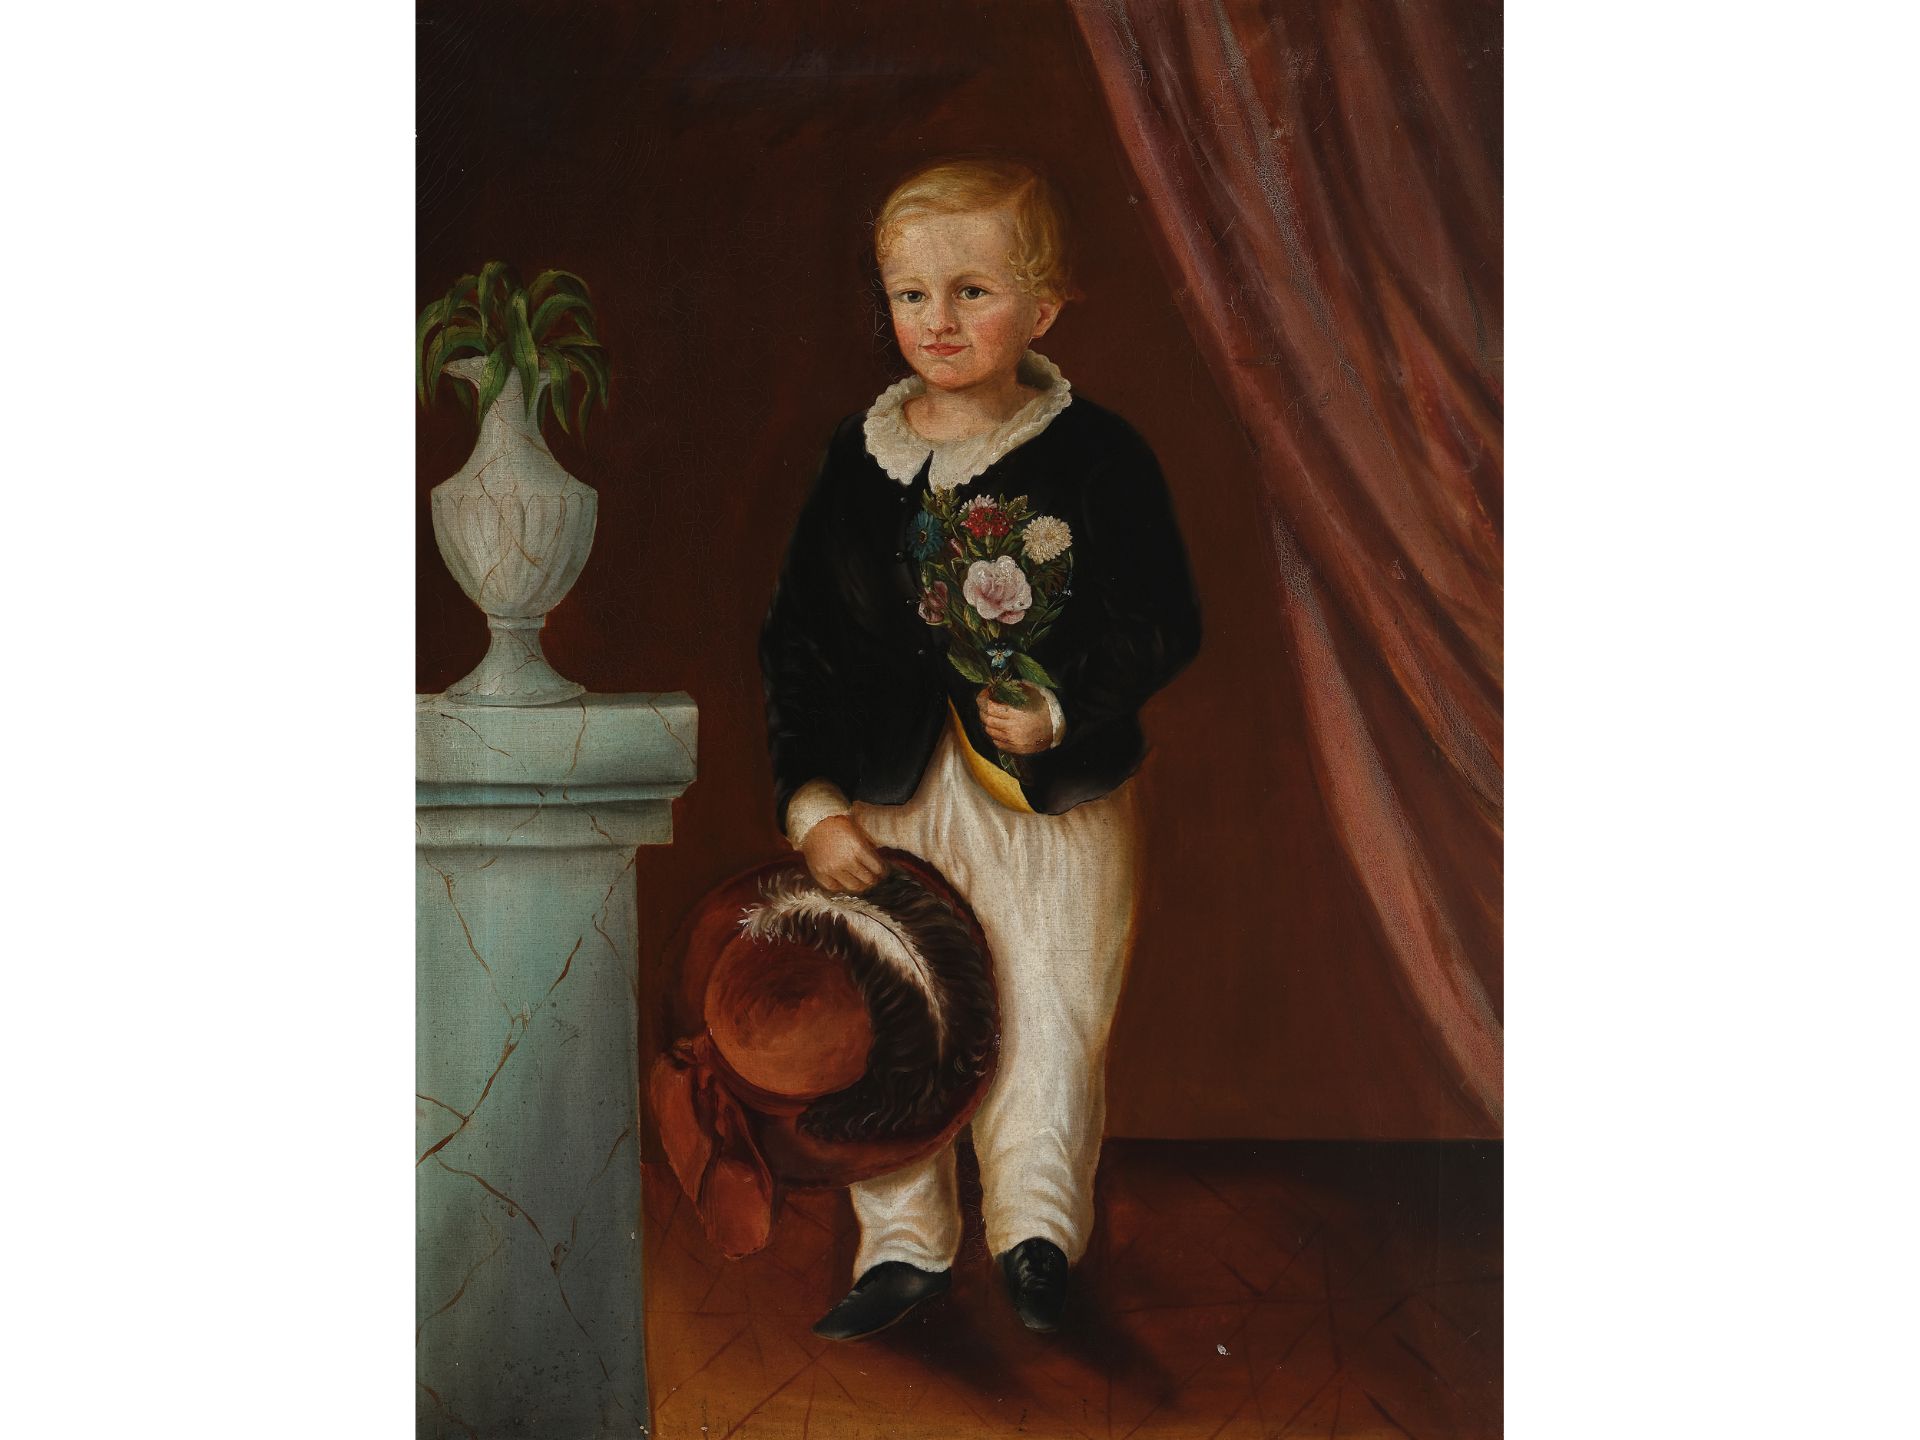 Boy's portrait, South German, 1st half of 19th century
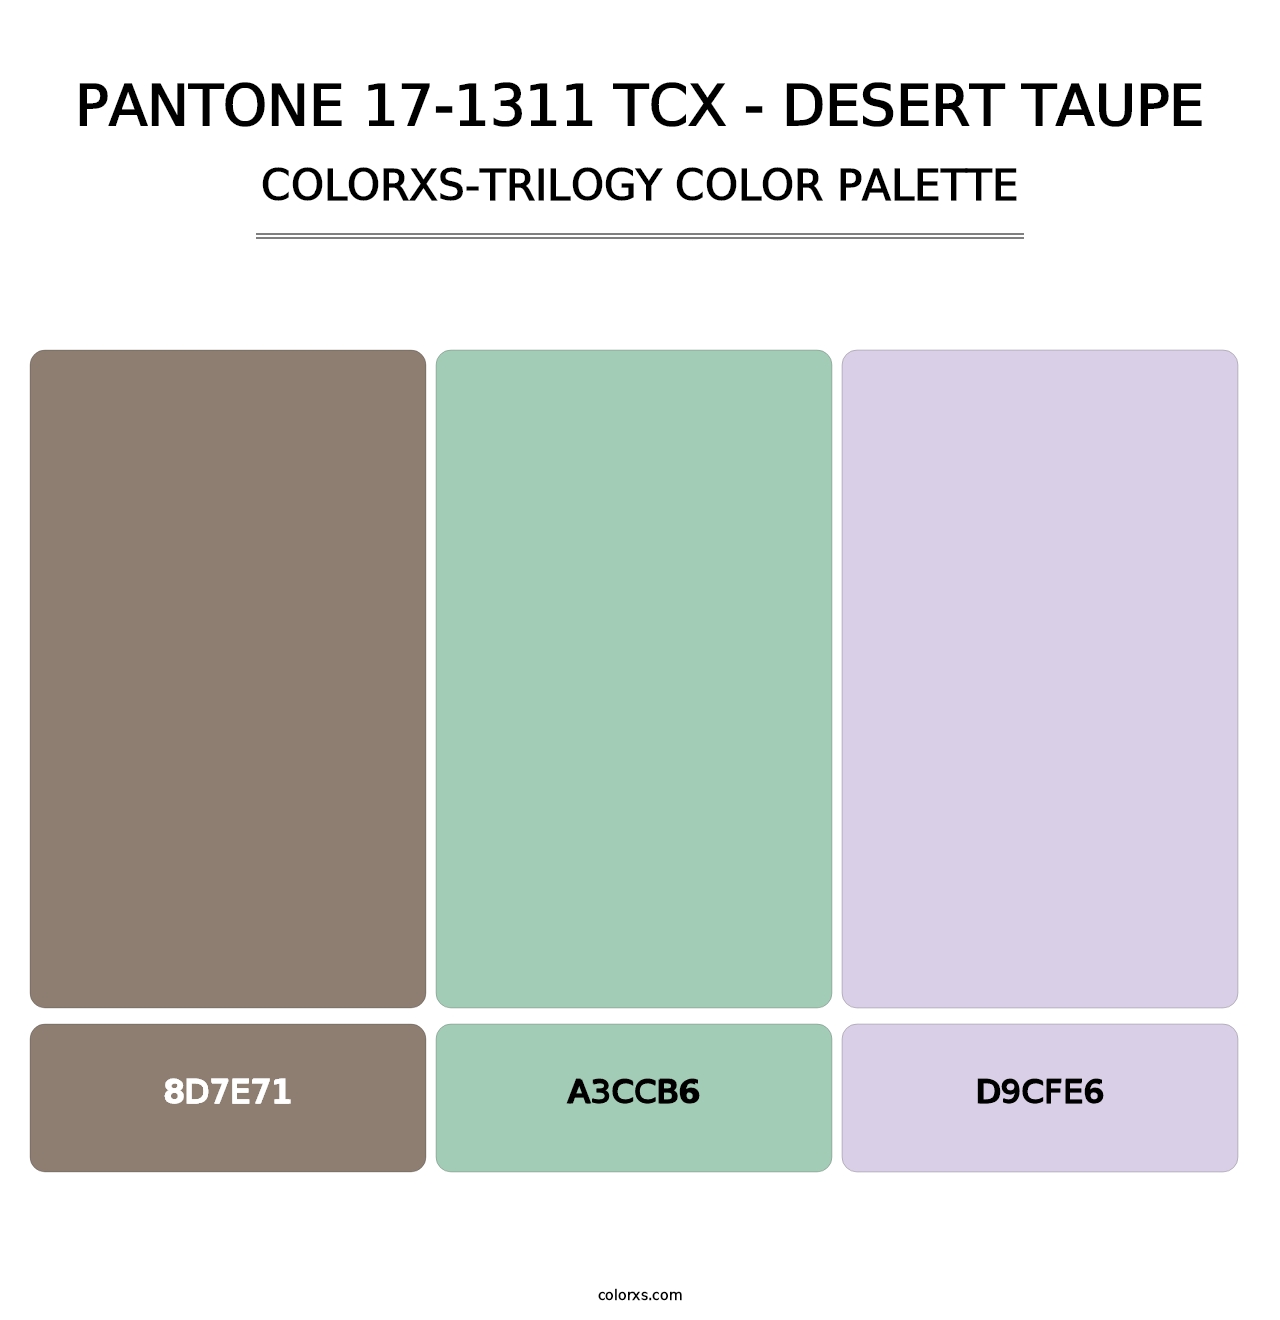 PANTONE 17-1311 TCX - Desert Taupe - Colorxs Trilogy Palette
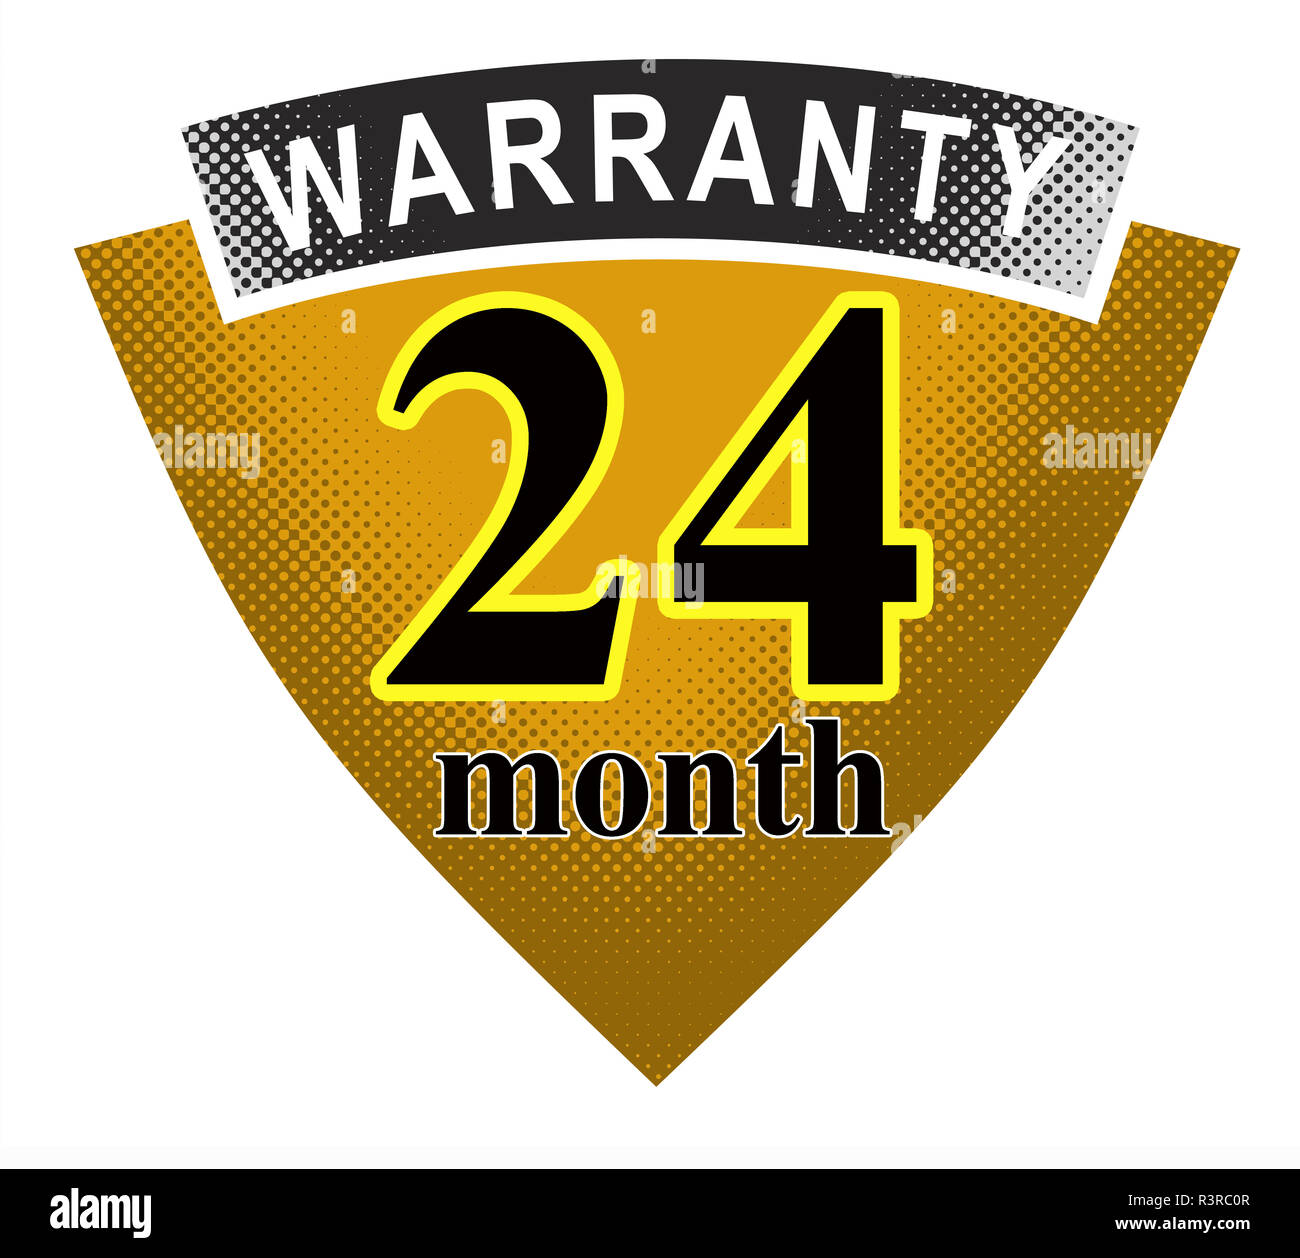 24 months. 24 Month Warranty. Гарантия щит. 24 Месяца стандартная гарантия. Гарантия 12 месяцев иконка.

■ WHAT YOU ARE ASKED TO DO
From the line containing "PANTONE 17-1311 TCX - Desert" to the final line above, both included, transcribe every line exactly and leave all pictures out.

■ REPLY TO THE TASK
 PANTONE 17-1311 TCX - Desert Taupe - Colorxs Trilogy Palette
 24 months. 24 Month Warranty. Гарантия щит. 24 Месяца стандартная гарантия. Гарантия 12 месяцев иконка.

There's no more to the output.